Word for word, copy the lines from the one with "mint refurbished original" to the last line of the data below, counting both, and keep every picture out.

### Data excerpt:
——————————

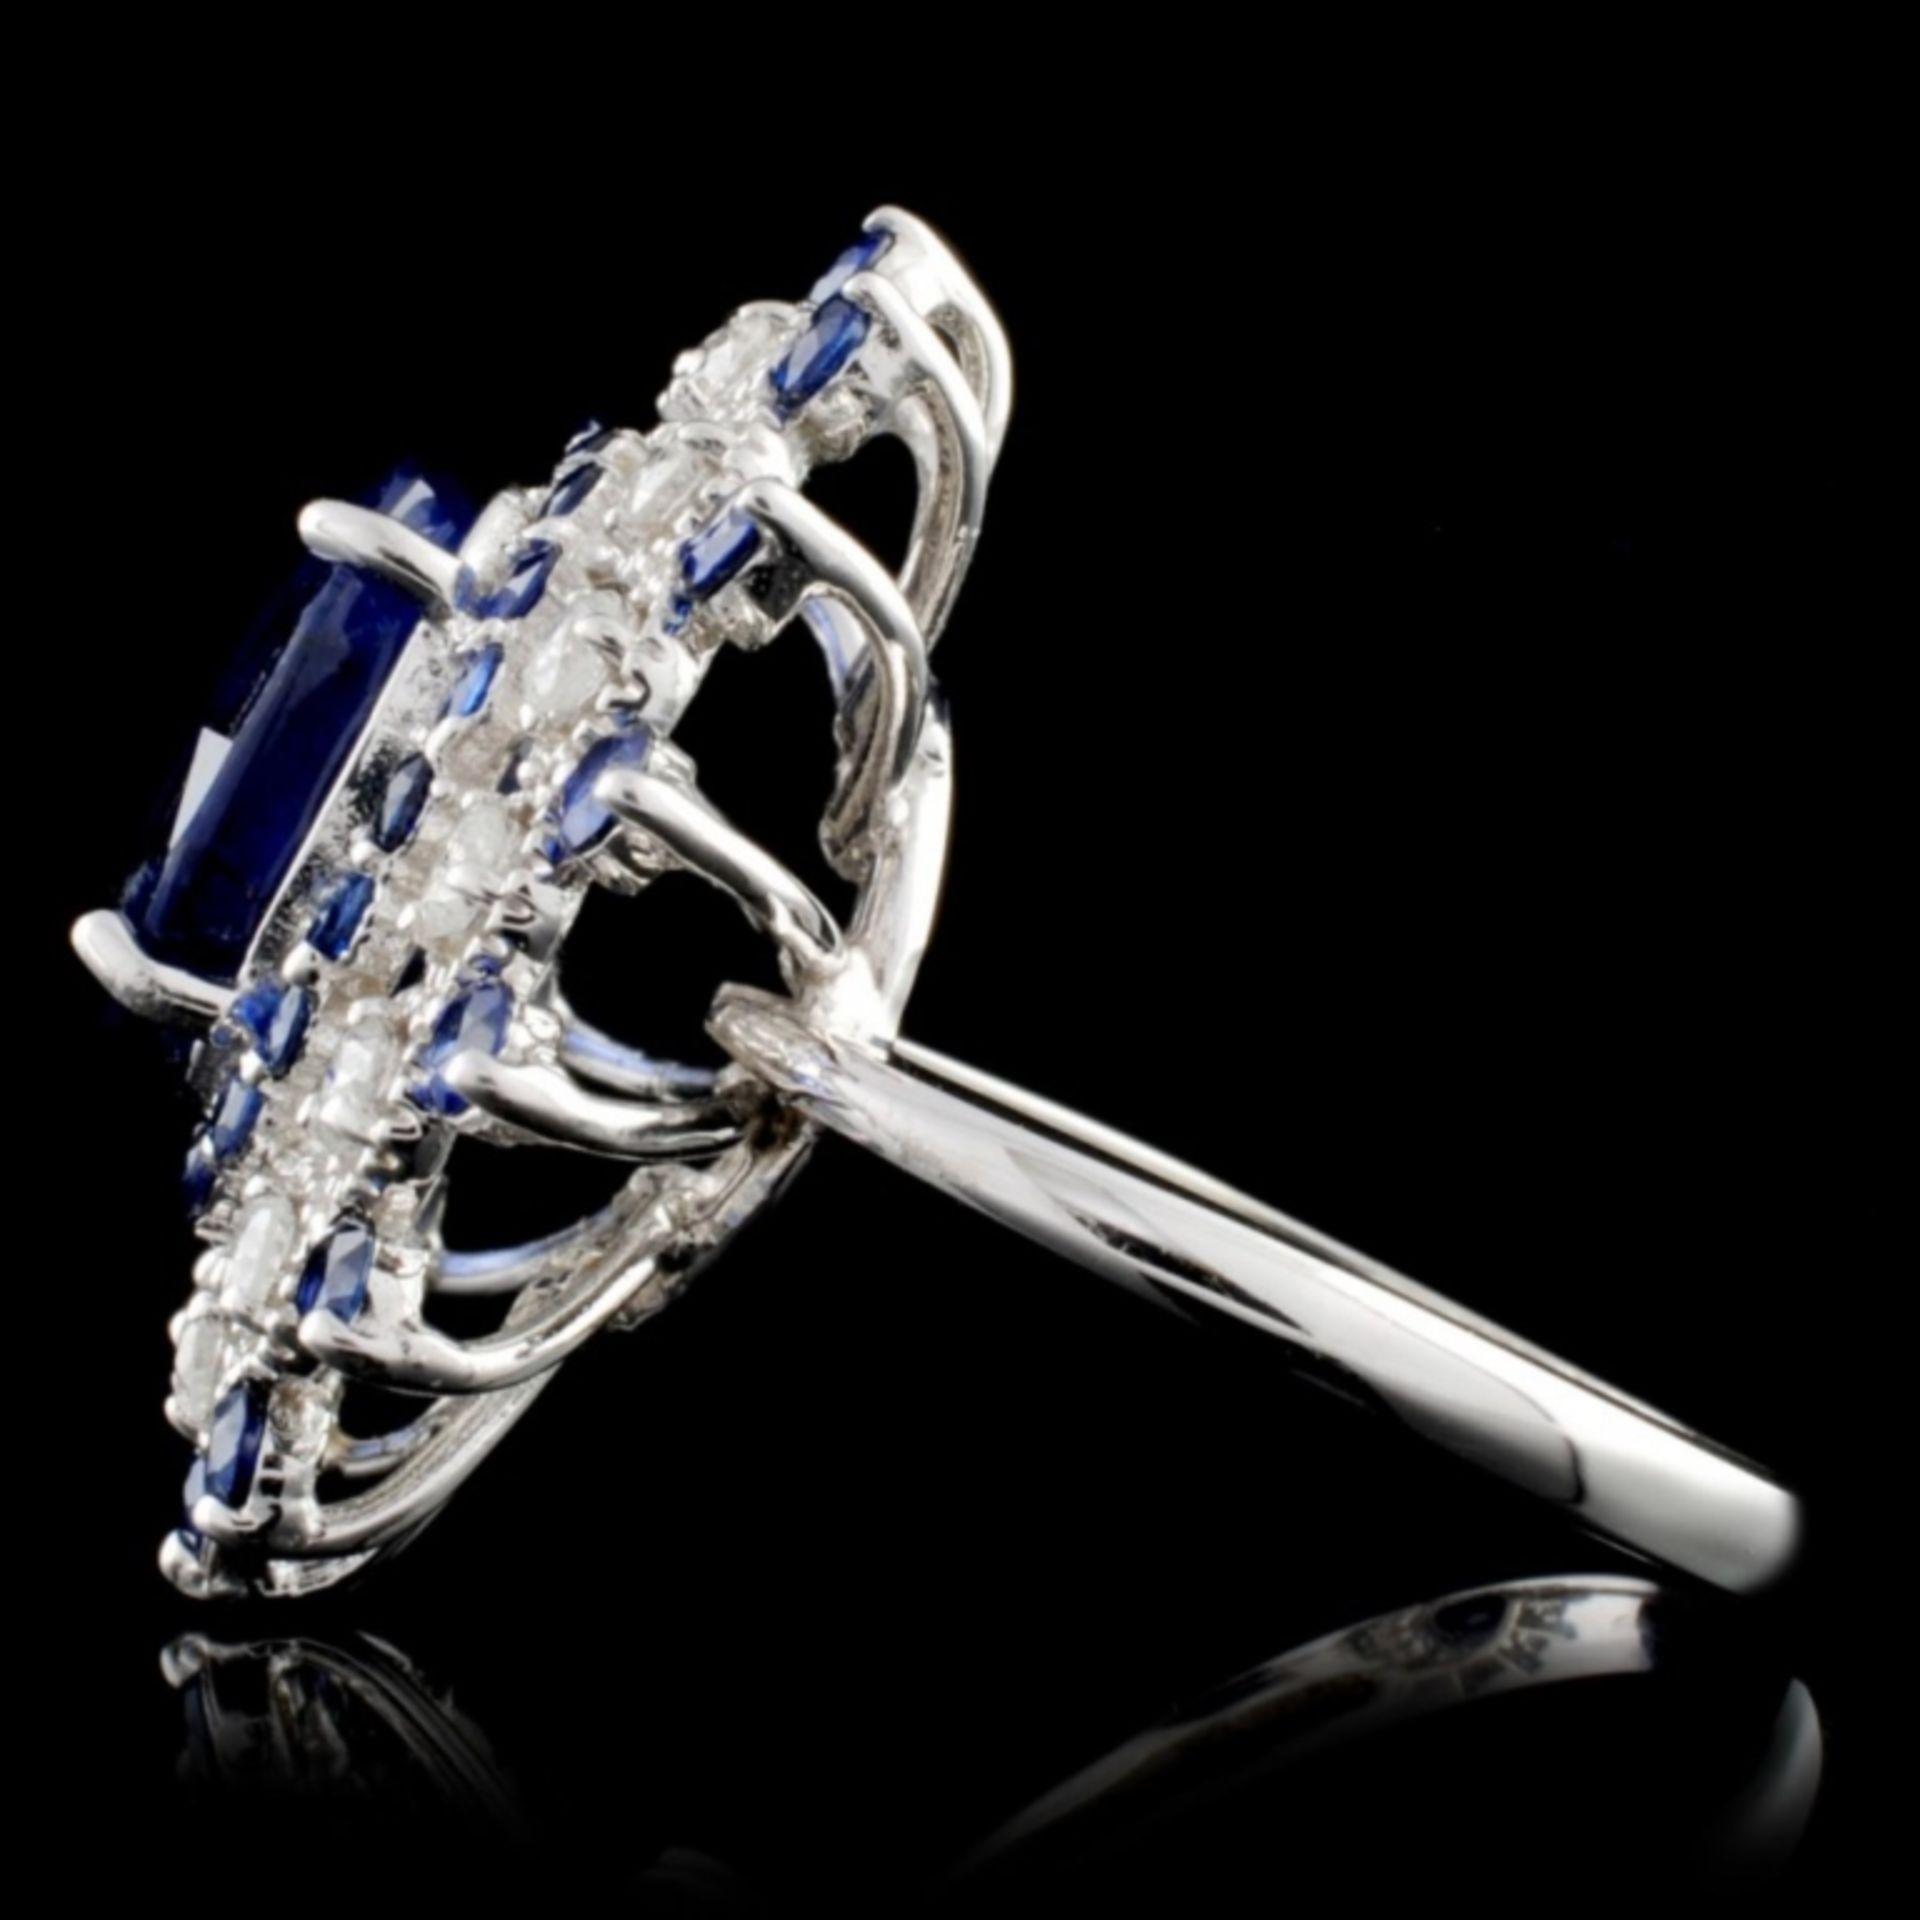 14K White Gold 7.50ct Sapphire & 1ct Diamond Ring - Image 3 of 4
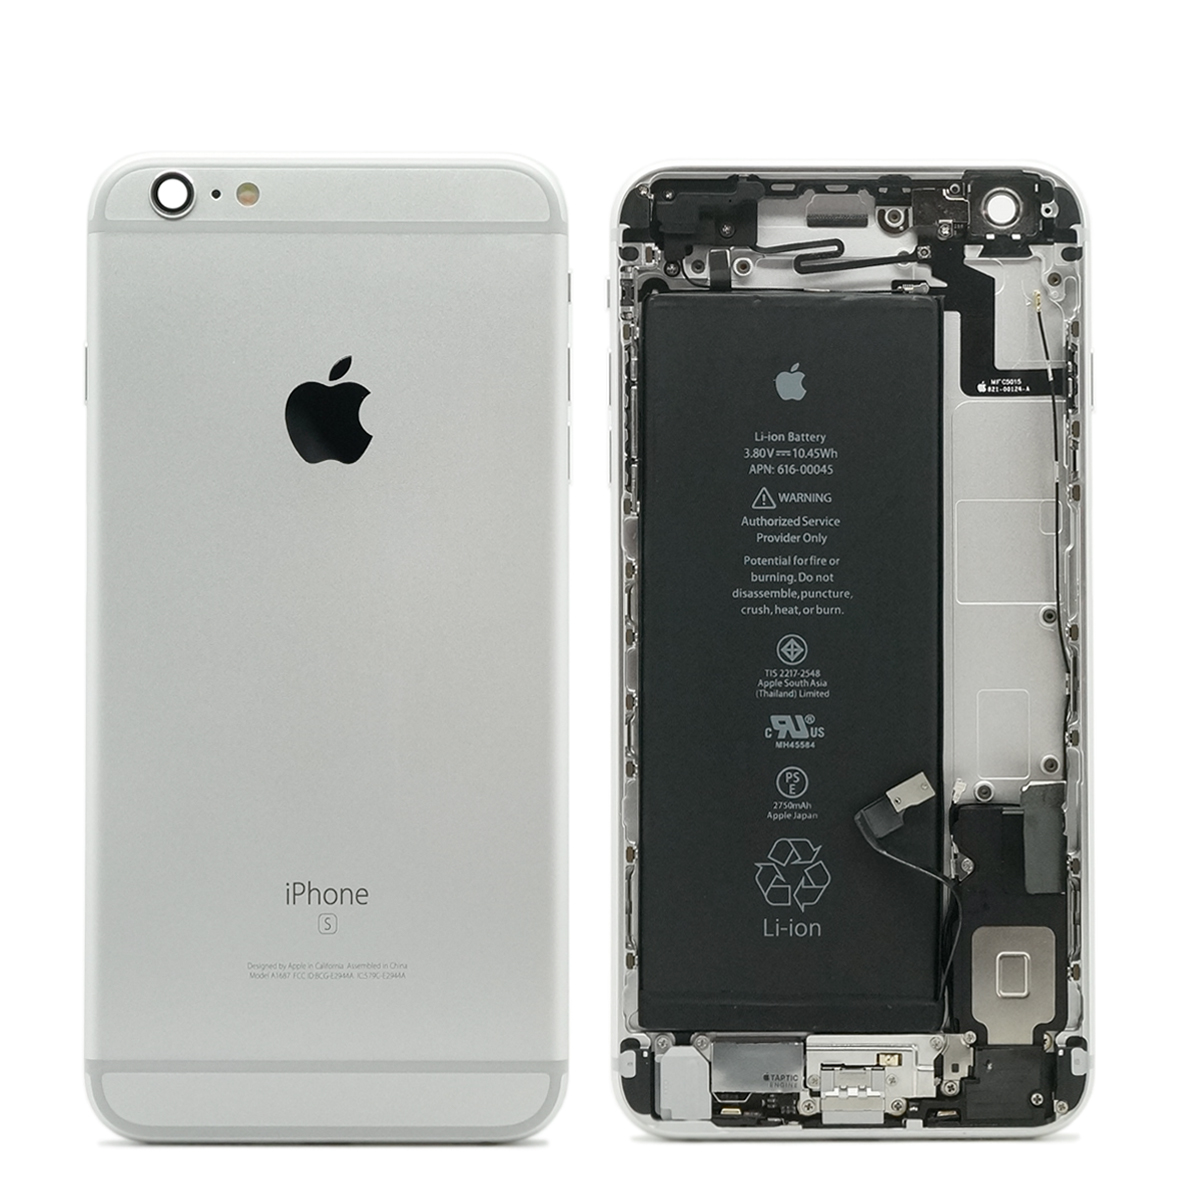 mint refurbished original apple iphone 6s plus housing. Black Bedroom Furniture Sets. Home Design Ideas
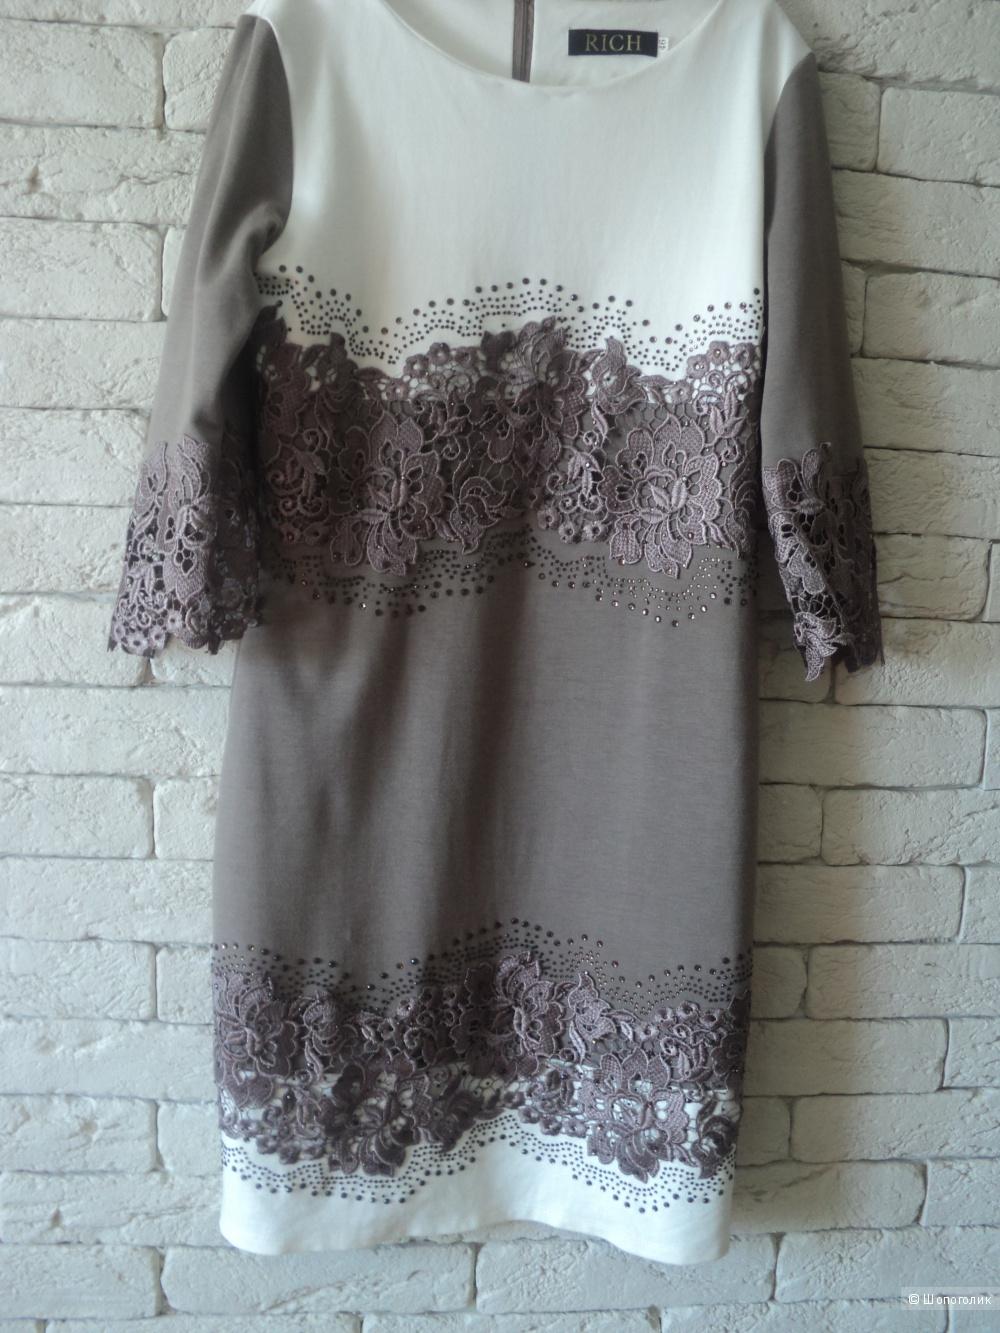 Платье RICH, трикотаж,гипюр, размер 46, б/у
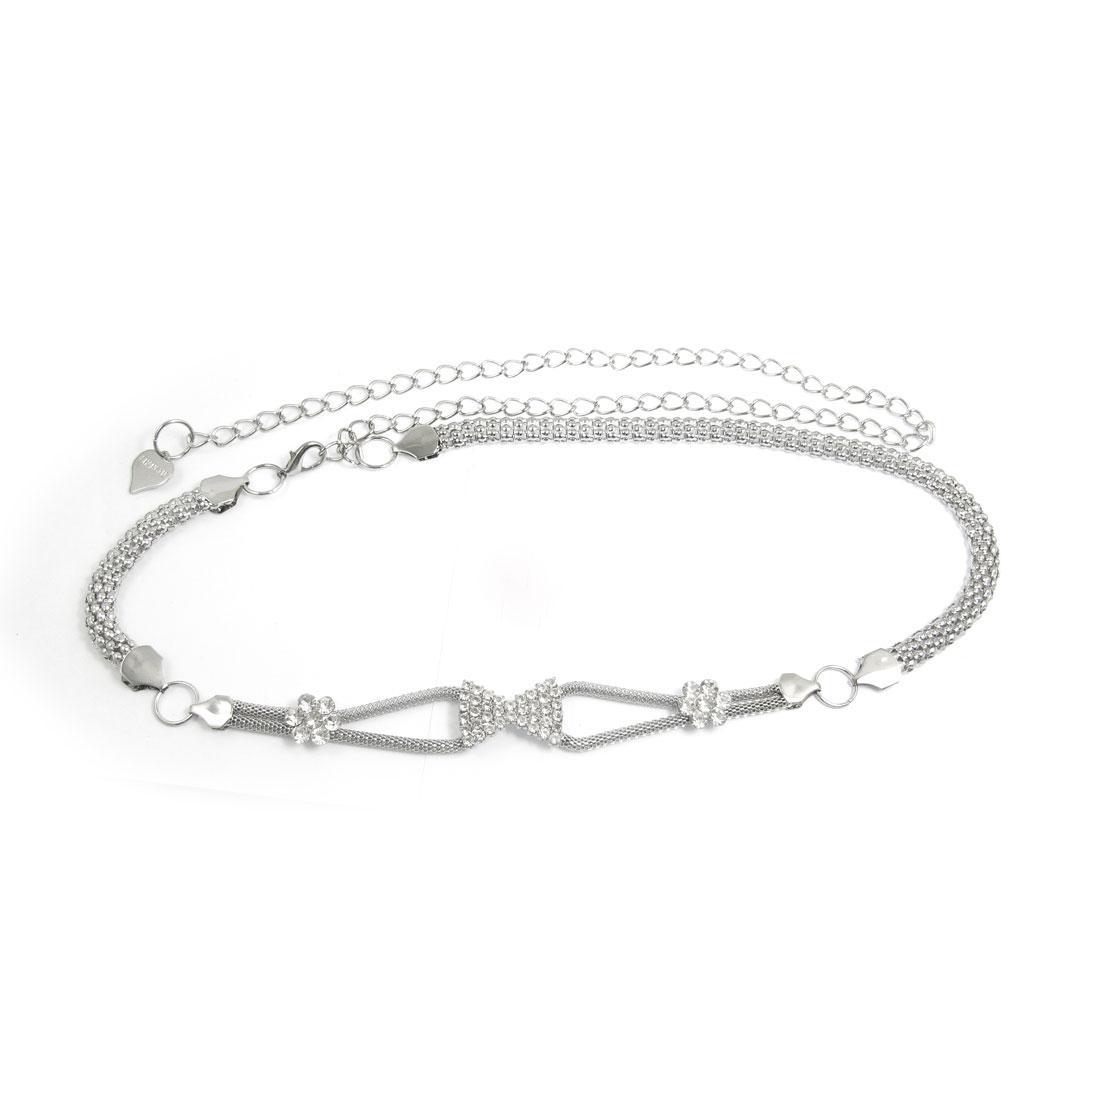 Lady-Clear-Faux-Rhinestone-Decor-Gold-Tone-Metal-Bowknot-Pattern-Belt-Chain

——————————

### Task solution:
 mint refurbished original apple iphone 6s plus housing. Black Bedroom Furniture Sets. Home Design Ideas
 Платье RICH, трикотаж,гипюр, размер 46, б/у
 Lady-Clear-Faux-Rhinestone-Decor-Gold-Tone-Metal-Bowknot-Pattern-Belt-Chain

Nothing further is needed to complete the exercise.